NOW THEREFORE, in consideration of the foregoing and for other good and valuable consideration, the receipt and sufficiency of which are hereby acknowledged, the parties hereto agree as follows:

Section 1. Second Tier Repurchase. On the Effective Date (as defined below), the Agent and the Investors hereby sell, assign and transfer to the Company, without recourse and without representation and warranty (other than as set forth in Section 9(c)), and the Company hereby purchases and accepts all of the Agent’s and the Investors’ right, title and interest in and to the following (collectively, the “Second Tier Repurchase Assets”):

(a)each Subject Receivable; and

(b)all rights to, and obligations under, all Related Security with respect to each such Subject Receivable.

For the avoidance of doubt, the Agent and Investors are not hereby releasing their interests in the Collections resulting from payment of the First Tier Repurchase Price as contemplated by Section 3 below.

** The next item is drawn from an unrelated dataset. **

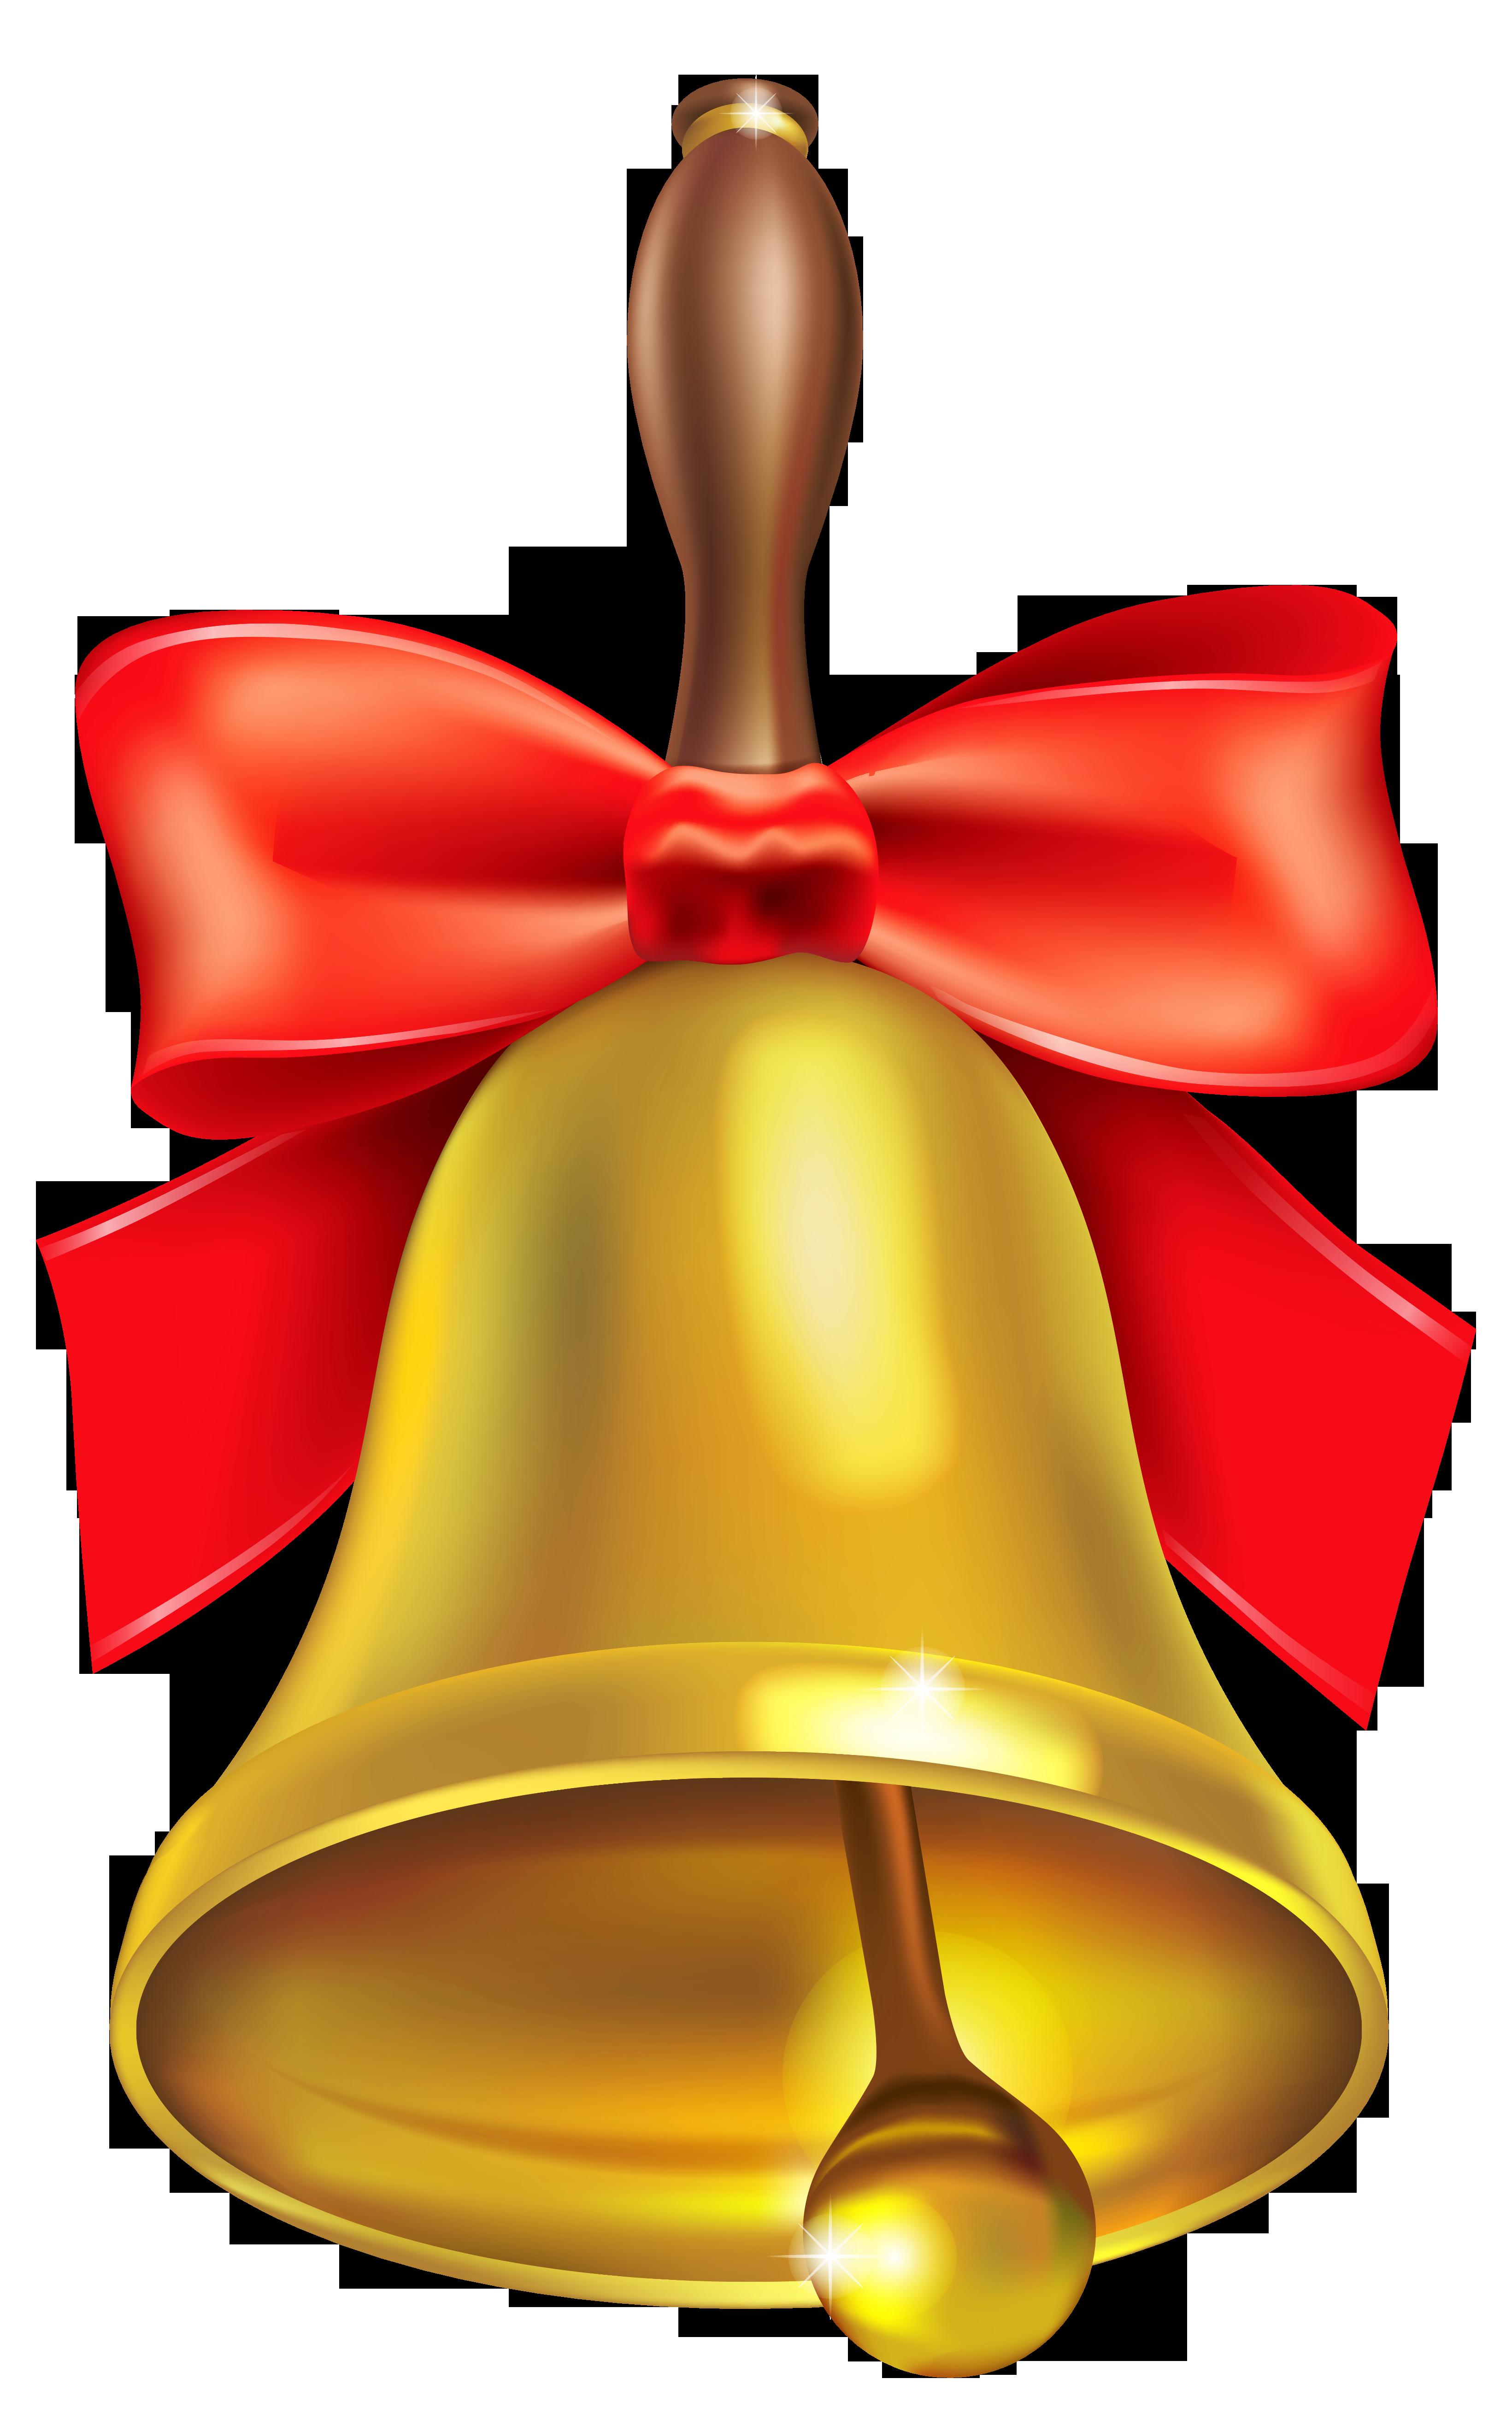 Golden bells clipart - Clipground

Section 2. First Tier Repurchase. (a) On the Effective Date, (i) as consideration for the sale of the Subject Receivables, Caraustar Custom shall pay to the Company a purchase price to be mutually agreed upon by Caraustar Custom and the Company (the “First Tier Repurchase Price”) (which each of Caraustar Custom and the Company agrees will represent the fair market value of the First Tier Repurchase Assets (as defined below) and shall be less than or equal to the Prepayment Amount and the Deferred Purchase Price payable to Caraustar Custom from the Company) and (ii) the Company hereby sells, assigns and transfers, without recourse and without representation and warranty, to Caraustar Custom, and Caraustar Custom hereby purchases and accepts all of the Company’s right, title and interest in and to the following (collectively, the “First Tier Repurchase Assets”):

(a)each Subject Receivable; and

(b)all rights to, and obligations under, all Related Assets with respect to such Subject Receivable.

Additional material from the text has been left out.